Limited Partnership Interests: By definition, if you hold property in a limited partnership as a limited partner, you do not materially participate. This area is being hit hard, and the number of audits of limited partnerships has increased.

Failure to Aggregate Hours Worked: The material participation rule requires that you work 500 hours on each property you own, or make an election to aggregate all the properties together into a single 500-hour block. Fail to make this election, though, and you will run into trouble.

Failure to Meet 500 Hour Threshold: To get even the $25,000 deduction you've got to meet the 500-hour minimum, even if you aren't going for full real estate professional status. Fail to meet this requirement and your passive loss will be limited to the amount of your passive income.

But the biggest change that we're seeing is to the material participation rules, and what does and doesn't constitute a real estate activity. For example, managing real estate is a qualified activity, but managing real estate through a third-party property management company is being challenged. So if you live hundreds of miles away from your rental properties, be on the lookout for this type of question. Another is research. The hours spent on researching properties and markets is being challenged by the IRS who consider this a passive activity.
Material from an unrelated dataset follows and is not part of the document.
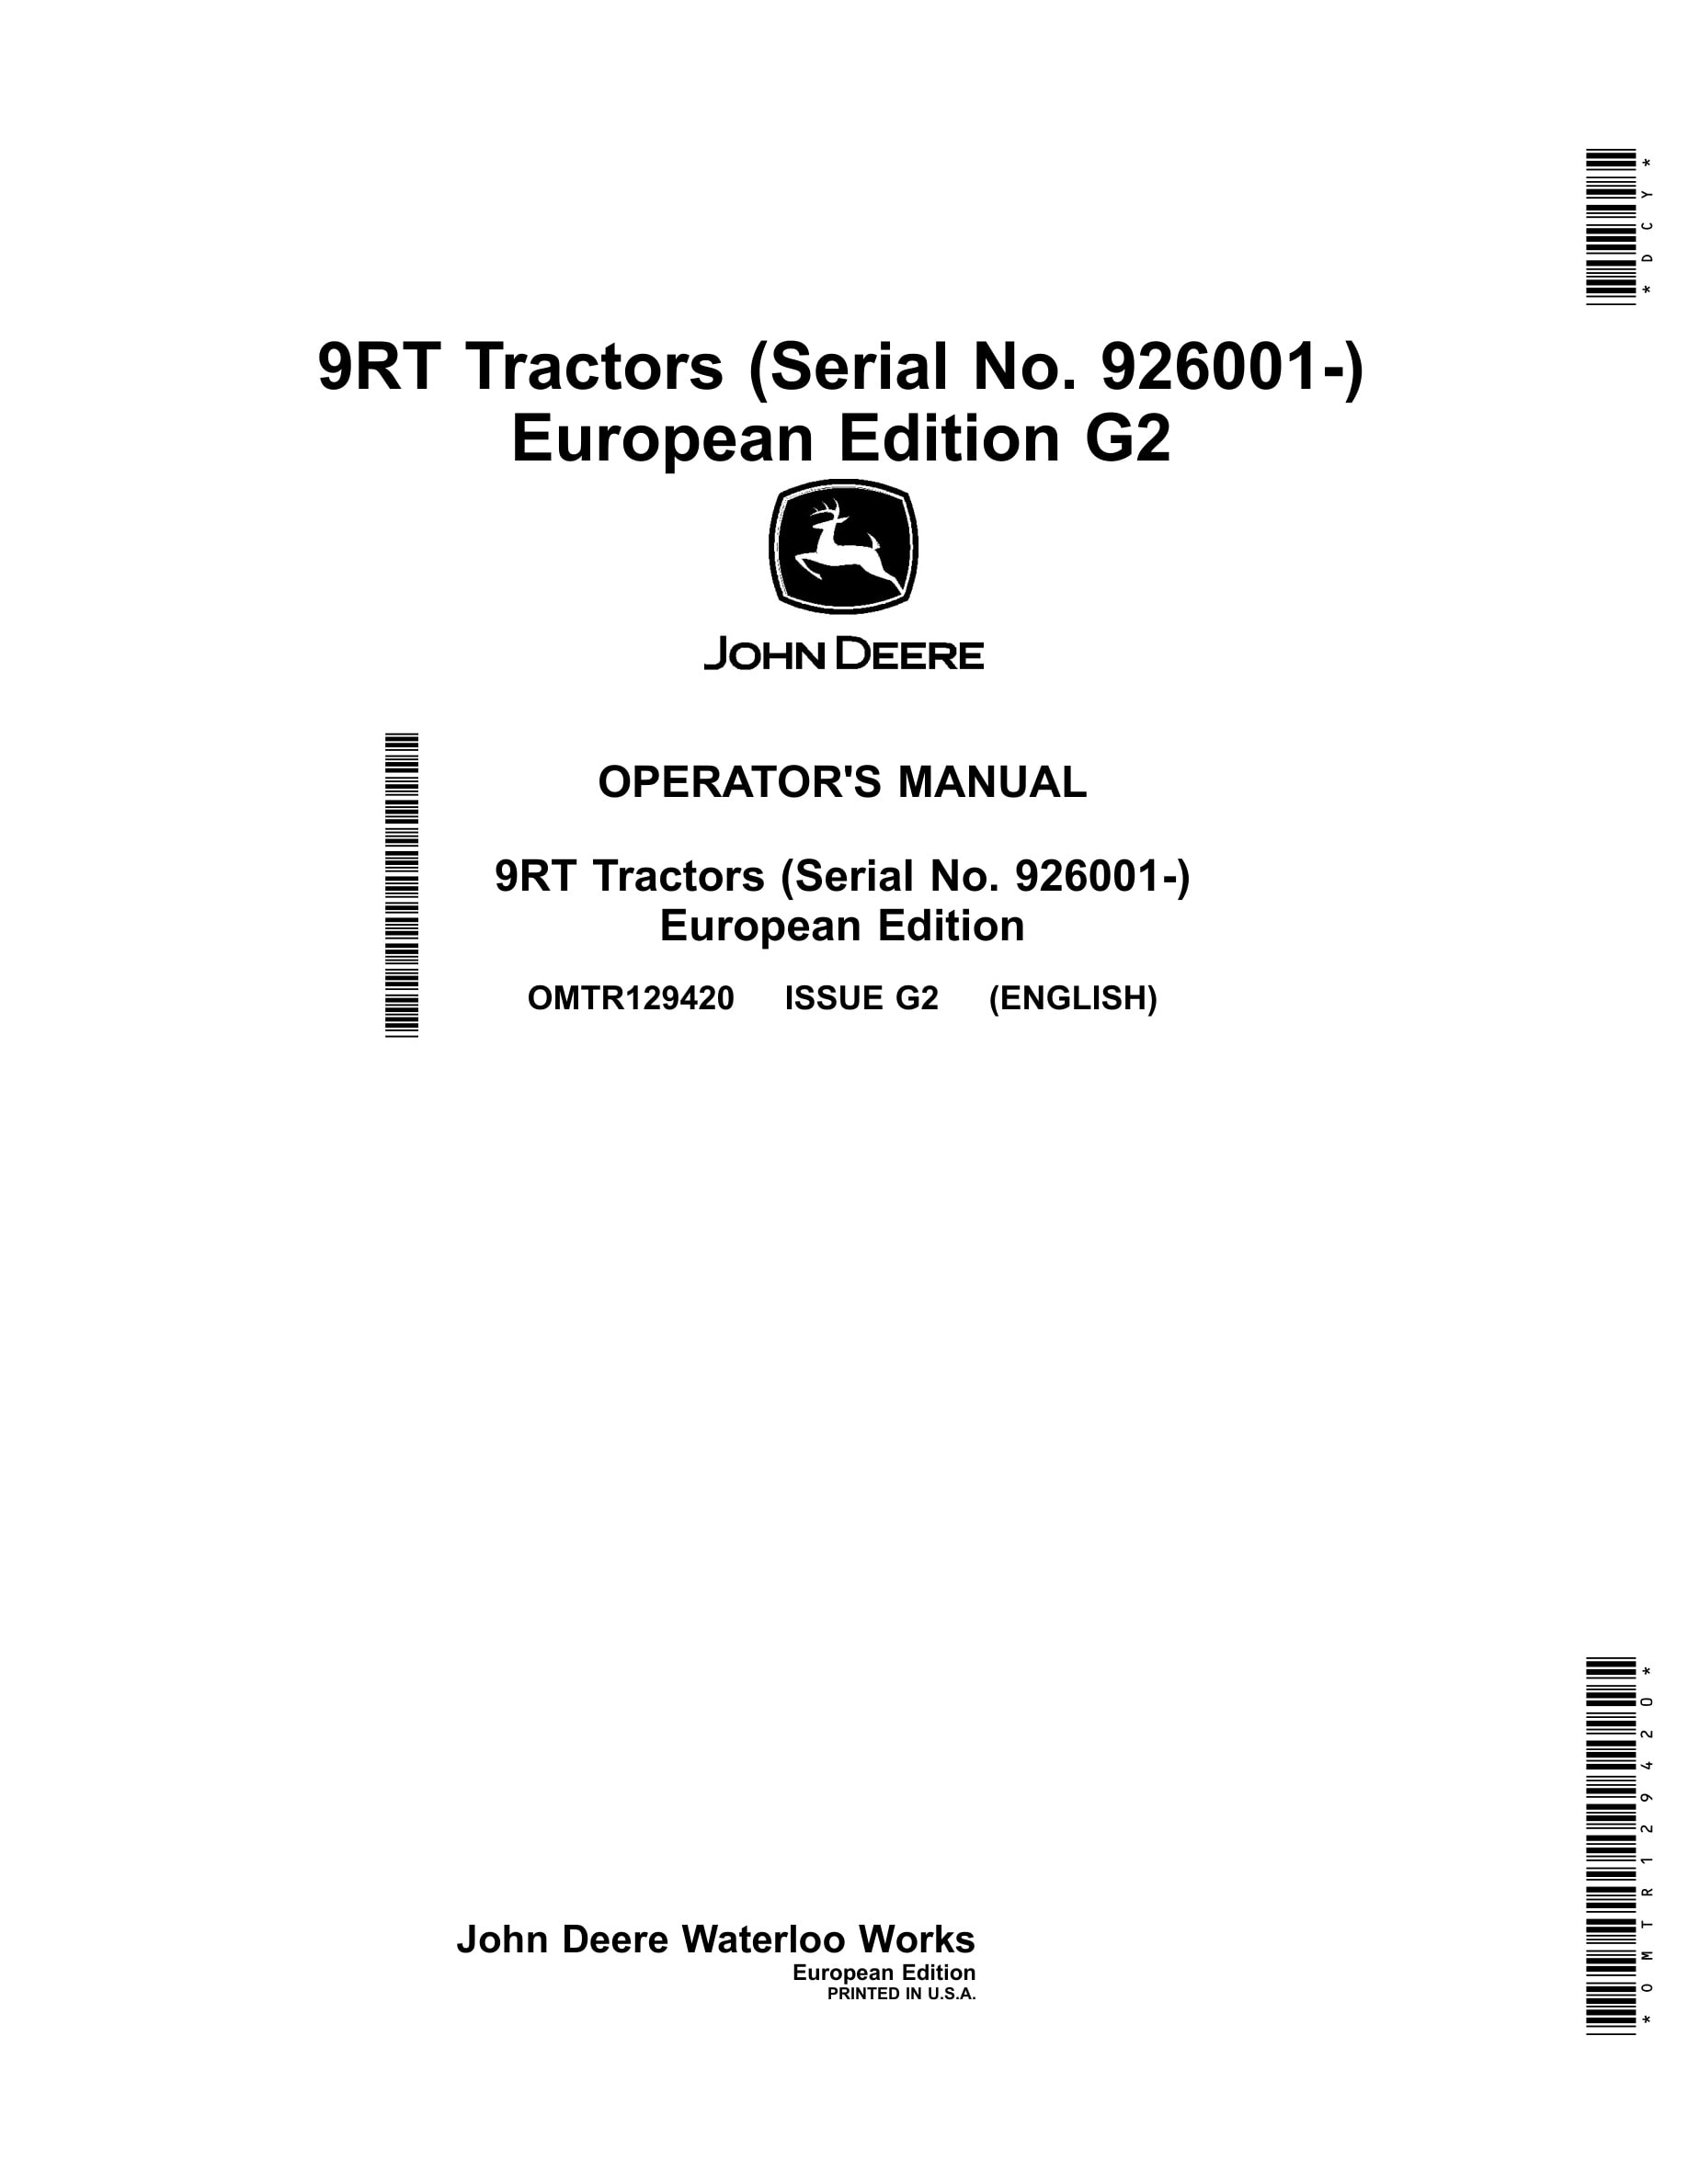 John Deere 9rt Tractors Operator Manuals OMTR129420-1

Proper records are also becoming vital. Anyone looking to claim this classification must be keeping a detailed time log of dates, locations and activities, preferably backed up with photographs or other evidence showing you hard at work.

Finally, frustrating everyone is the fact that in many cases the "new" IRS rules (which came out in December of 2007) are being applied after the fact, and made retroactive to 2007 and earlier - when the old rules were still in force. Both sides are appealing up to the Tax Court, hoping to either set a new precedent or rein in the IRS. Until the Tax Court rules one way or another on whether or not the IRS can apply new rules to old earnings, we're in limbo. Reviewing your activities and taking steps to make sure you're in compliance with the new rules may be your best plan.